Bu değişikliklerle ilk kez yasama ve yürütme organları padişahtan koparak demokratik organlar durumuna gelmişlerdir. Heyet-i Mebusan'ın yetkileri arttırılarak güçlendirilmiştir. Temsili niteliği ve yetkileri olan bir meclise karşı sorumlu bir bakanlar kurulu konmuş ve bakanlar kurulu bakımından güvenoyu mekanizması işlemeye başlamıştır. Ayrıca yürütmenin silahı olan “meclisi fesih” yetkisi padişahın tek başına kullanabileceği bir yetki olmaktan çıkarılarak belli koşullara bağlanmıştır (meşruti monarşi). Yasama-yürütme arasında yumuşak bir ayrılık öngörülmüş, düşürme-fesih dengesine dayalı klasik parlamenter sisteme adım atılmıştır. Ancak bu çabaların halka dayanmaması ve İttihat ve Terakki'nin tek parti durumuna gelip, ordunun da desteğiyle baskı, terör yöntemleriyle muhalefeti sindirmesi başarısızlığa neden olmuştur. Bu sonucun meydana gelmesinde ordunun aktif politika içine girerek sistemi yarı-askeri bir rejim durumuna getirmesinin rolü büyüktür.

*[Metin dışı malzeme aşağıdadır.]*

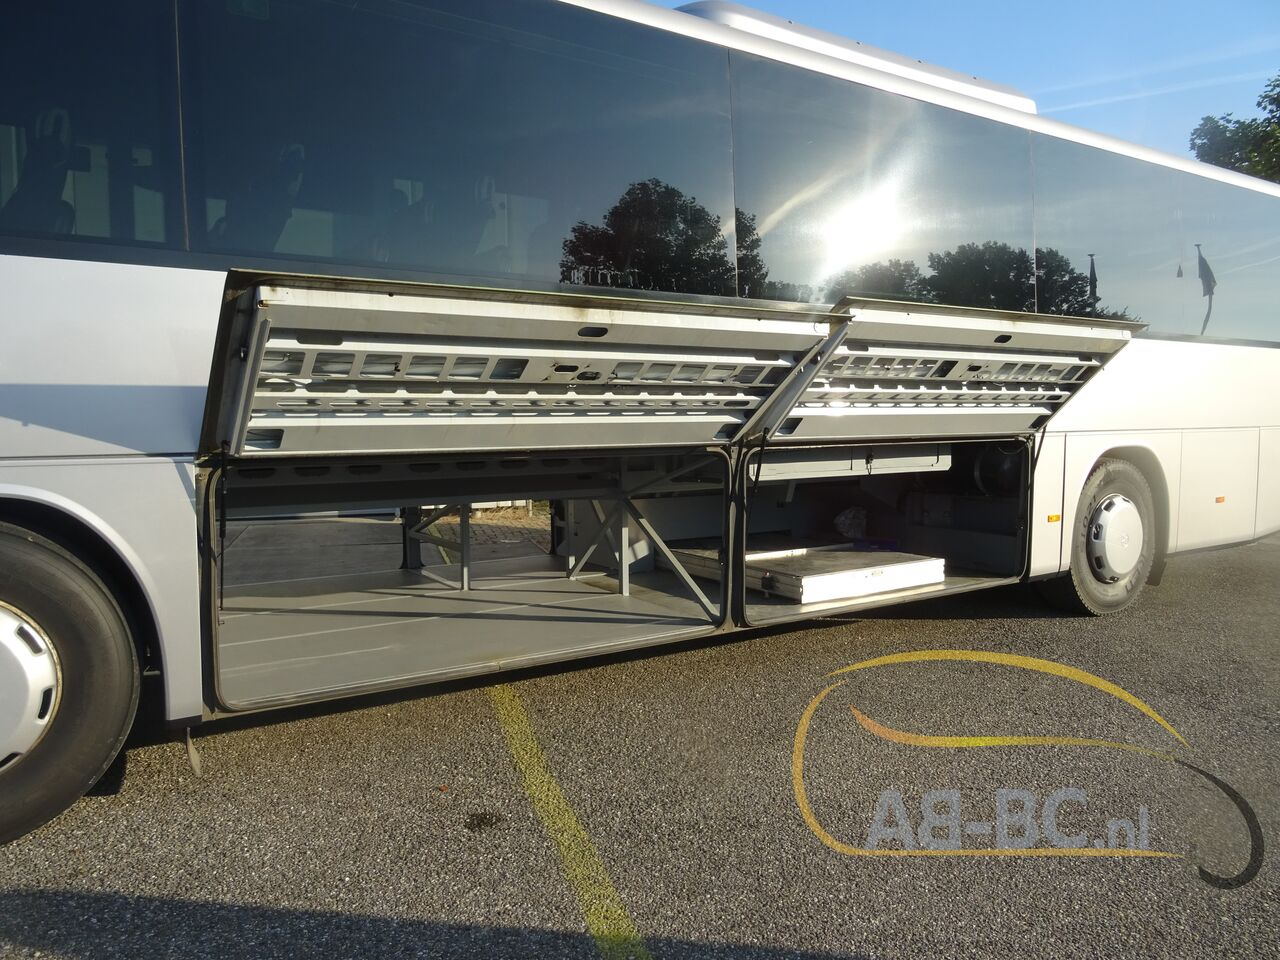 coach-bus-SETRA-S415H-52-Seats-EURO-6-Liftbus---1630913044698018073_big_f86654b093c11fe7660699918255685a--21070517141280735500

1921 Anayasasının getirdiği model ise tamamen savaşa özgü sui generis (nevi şahsına münhasır) bir modeldir. Bu dönemde tüm yetki mecliste toplanarak yasama erki mutlaklaştırılmıştır. Bu model ulus devlete geçişin ara modelidir. 1924 Anayasası ile getirilen model ise meclis hükümeti sistemi ile parlamenter sistem arasında karma bir sistemdir. Bu sistemde organik ve işlevsel ayrılıklara da yer verilmiştir. Ancak yasamanın yürütme üzerinde etkili olabilecek yetkileri bulunmaktaydı. Hükümet meclisten güvenoyu almak zorunda olduğu gibi, meclis tarafından düşürülebilirdi. Buna karşılık hükümetin meclis karşısına fesih ve veto gibi önemli yetkileri yoktu. Kuşkusuz bu Anayasa da özel bir dönemin düzenlemesidir. Amaçlanan devrimlerle toplum ve devletin çağdaşlaşmasının kolay bir sistem içinde yerine getirilmesidir. Ancak çok partili sisteme geçildiğinde anayasal sistemin yetersizliği ortaya çıkmıştır.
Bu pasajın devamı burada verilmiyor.